A lover of sports and photography, Mr. Morris ("Bob" once the dismissal bell rang) was also a quintessential Whistler dad who welcomed the opportunity to take to the hills for a day of hiking, or skiing, with his sons and their friends. Bob Morris passed away peacefully on March 10 after three years of battling ALS, but his contributions to the Whistler community will last forever.
Born in Winnipeg, Manitoba, in 1942, Robert George Morris caught the travel bug as a young man and hit the road shortly after university. He taught English in Japan in the 1960s where he also landed a small part in the classic Japanese Sci-fi film The Green Slime. Bob then continued on to South-East Asia and hitchhiked his way across India, the Middle East and Europe.
Travel remained a priority even after Bob met Jan, his future wife. "When they were dating my dad gave her the ultimatum," explained his youngest son, Greg.
"He was on his way to Australia and he proposed she either marry him and come along or else that was it."
Jan took the bait and hit the road with Winnipeg remaining home base until 1986 when the Morris family, which now included Greg and his older brother Jason, landed in Whistler for good.
"The outdoors attracted him here for sure," Greg said. "All the hiking and skiing... he loved hockey and golf and tinkering around in the yard.
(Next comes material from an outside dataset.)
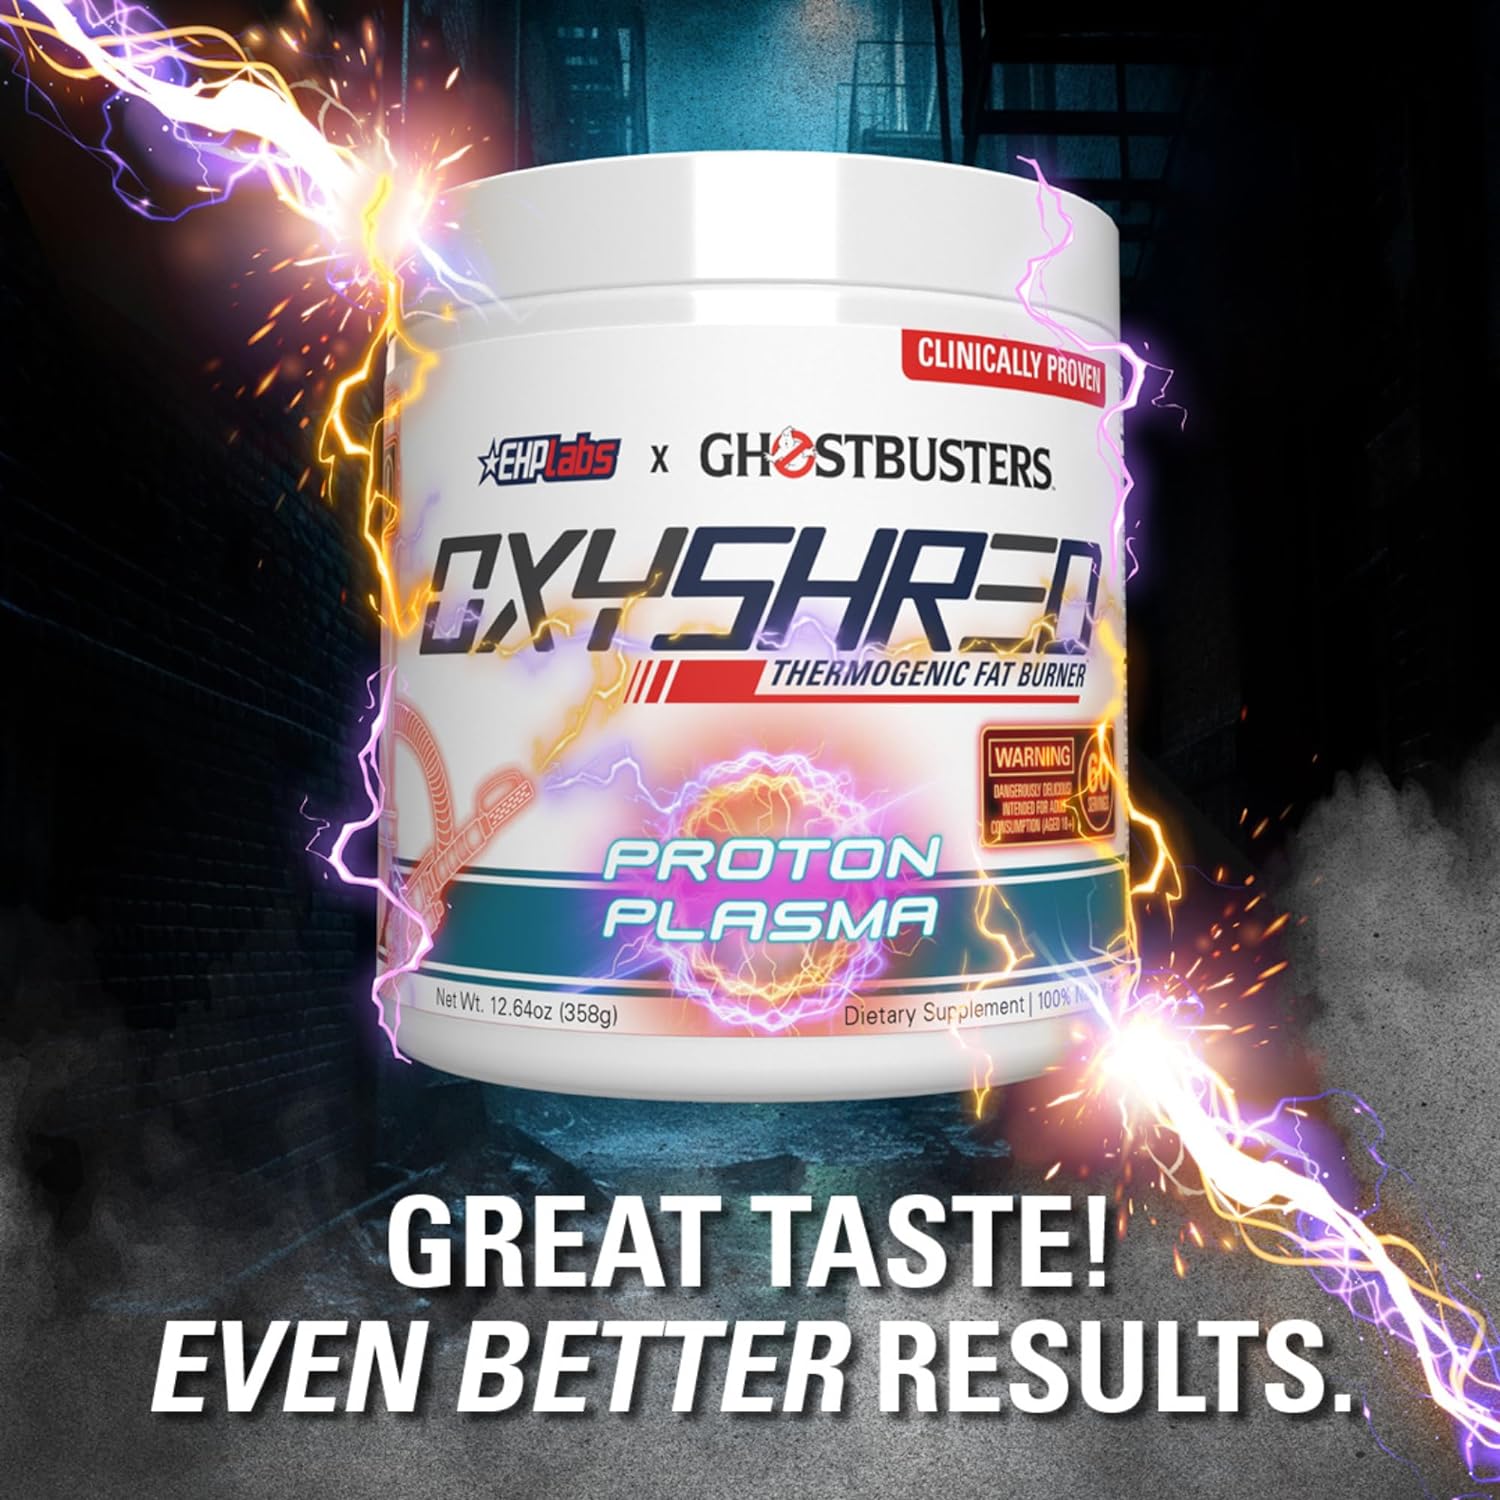 EHPlabs x Ghostbusters OxyShred Thermogenic Pre Workout Powder & Shred

I think mostly they were just excited to have four seasons and snow, but without the extreme cold and bugs of Winnipeg."
Morris initially found work as a night auditor at the Nancy Green Lodge. He'd work the graveyard shift, get home at 7 a.m. then drive south to Squamish to substitute teach. A few years later he landed a full-time position at Pemberton Secondary School, and once Whistler Secondary opened he taught there until his retirement in 2004. Over his career Bob led student trips to China, Thailand, Spain, Italy, and Greece.
I will always remember being a teenager enjoying dinners at the Morris household and checking out the walls of photographs from Bob's journeys around the world.
That enthusiasm for travel and adventure was perhaps the greatest lesson Mr. Morris had for us Whistler kids — we live in one of the best places on earth, but it's a pretty amazing world outside the bubble as well... and one we should never stop exploring.
Happy trails Bob, and thanks for pointing us down the right path.